English singer and actor (1841–1922)

J. H. Ryley in 1897

John Handford Ryley (11 September 1841 – 28 July 1922) was an English singer and actor, best known for his performances in the comic baritone roles of the Savoy Operas with the D'Oyly Carte Opera Company, particularly in America. His second wife was D'Oyly Carte performer, actress and playwright Madeleine Lucette Ryley.

==Early life and career==
Ryley was born in 1841 in London, the son of John Riley, a solicitor’s clerk from London, and his wife Elizabeth (née Perry). By February 1863 Ryley was singing comic songs at Deacon’s Music Hall, Sadler's Wells Theatre, Price’s Music Hall and then at the Bedford Music Hall in Camden Town as "the comical comique". He married the actress Marie Barnam in 1864, and they had a daughter, Wallis Marie (b. 1866). The couple performed a comic duet and dance act in London and on tour, and they were engaged at the Gaiety Theatre, London in 1872. A New York critic later claimed that their "Dancing Quakers" routine was parodied by Margaret and Despard in Gilbert and Sullivan's 1887 opera Ruddigore. Ryley also appeared at The Gaiety in a musical play, Ali Baba a la Mode, in 1872. He and Barnam soon separated. In 1875, Ryley played Fernando in the comic opera Cattarina by Robert Reece and Frederic Clay at the Charing Cross Theatre and later on tour. In Manchester in 1876, he played Captain Flint in The Sultan of Mocha by Alfred Cellier. Later that year, he created the role of Zapeter in W. S. Gilbert and Clay's Princess Toto at the Theatre Royal in Nottingham and on tour in the provinces and next played Amen Squeak in Nell Gwynne by Cellier at Prince's Theatre in Manchester.

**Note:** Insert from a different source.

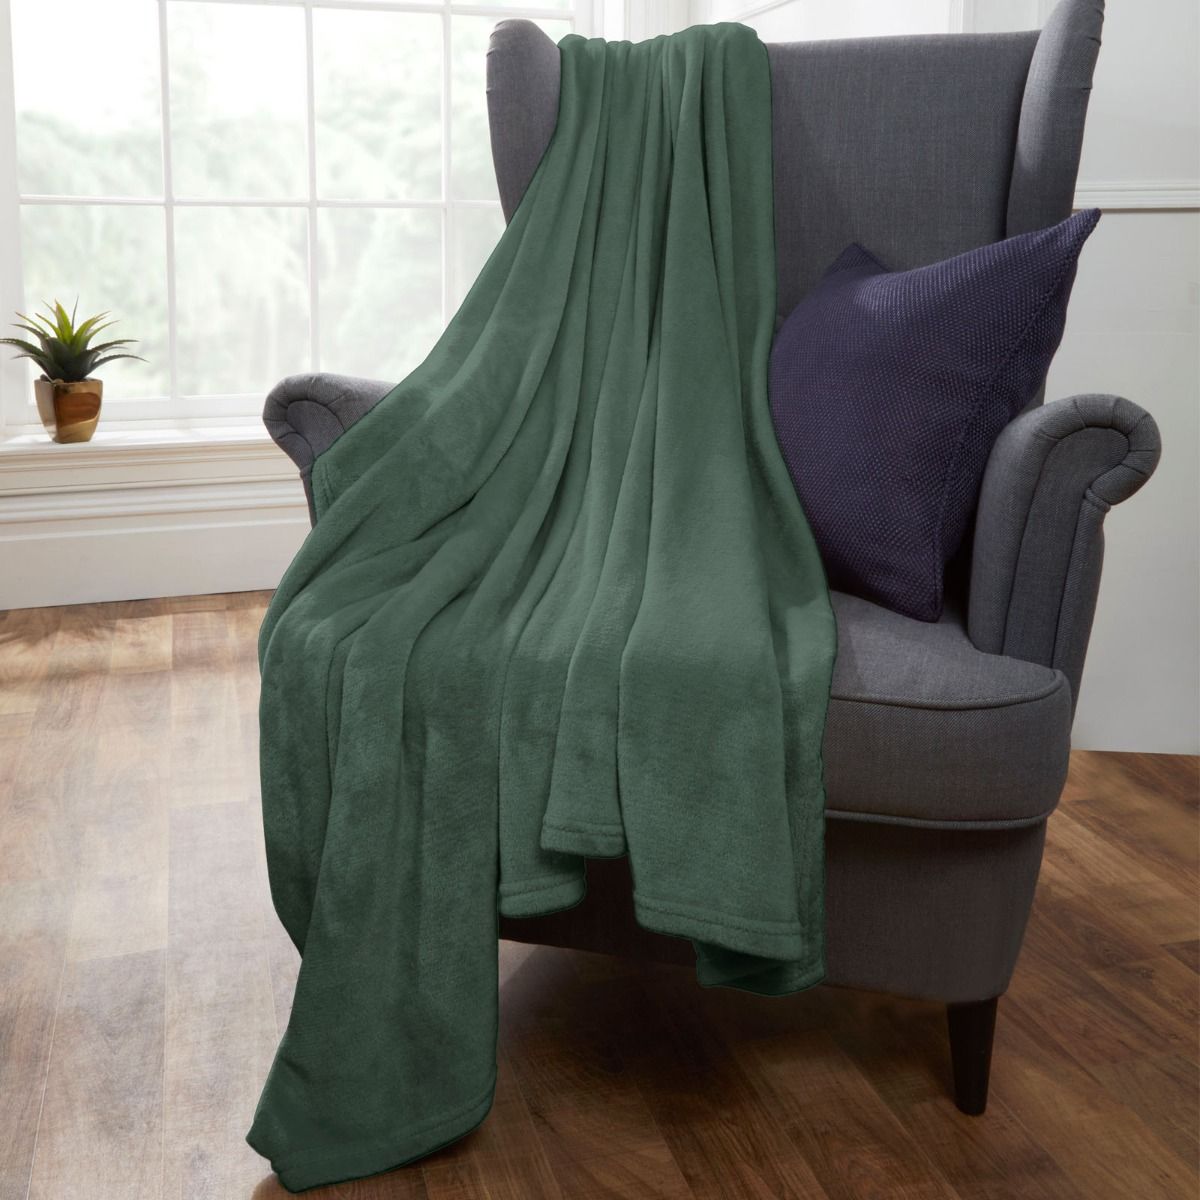 Brentfords Supersoft Throw, Green - 50 x 60 inches

Ryley as Ko Ko in The Mikado in New York (1885)

Ryley joined Richard D'Oyly Carte's Comedy-Opera Company Ltd. in 1878, appearing as John Wellington Wells in the first provincial production of The Sorcerer, and the Learned Judge in Trial by Jury on the same bill. In September 1878, the company gave the first provincial tour of H.M.S. Pinafore, with Ryley as Sir Joseph Porter. In October the company added Congenial Souls, a one-act farce written by Ryley using music by Jacques Offenbach, to the program as a curtain raiser. This appears to be the only play written by Ryley. Madeleine Lucette (1858–1934) appeared together with Riley on tour with the D'Oyly Carte company in 1878, and she played Clara in his curtain raiser, while he played Adolphus. In 1879, Ryley was chosen to play Sir Joseph in the first authentic American production of Pinafore at New York City's Fifth Avenue Theatre, which opened on 1 December 1879. On 31 December of that year, in the same theatre, he created the role of Major General Stanley in The Pirates of Penzance and continued with the role in the US tour until June 1880. Over the next several years, Ryley and the much younger Lucette both performed in America, sometimes together, over the next several years, behaving as if married, and eventually lived in New Rochelle, New York, together with his daughter Wallace. They were not legally married until 1890, however, after Ryley finalised his divorce from his first wife.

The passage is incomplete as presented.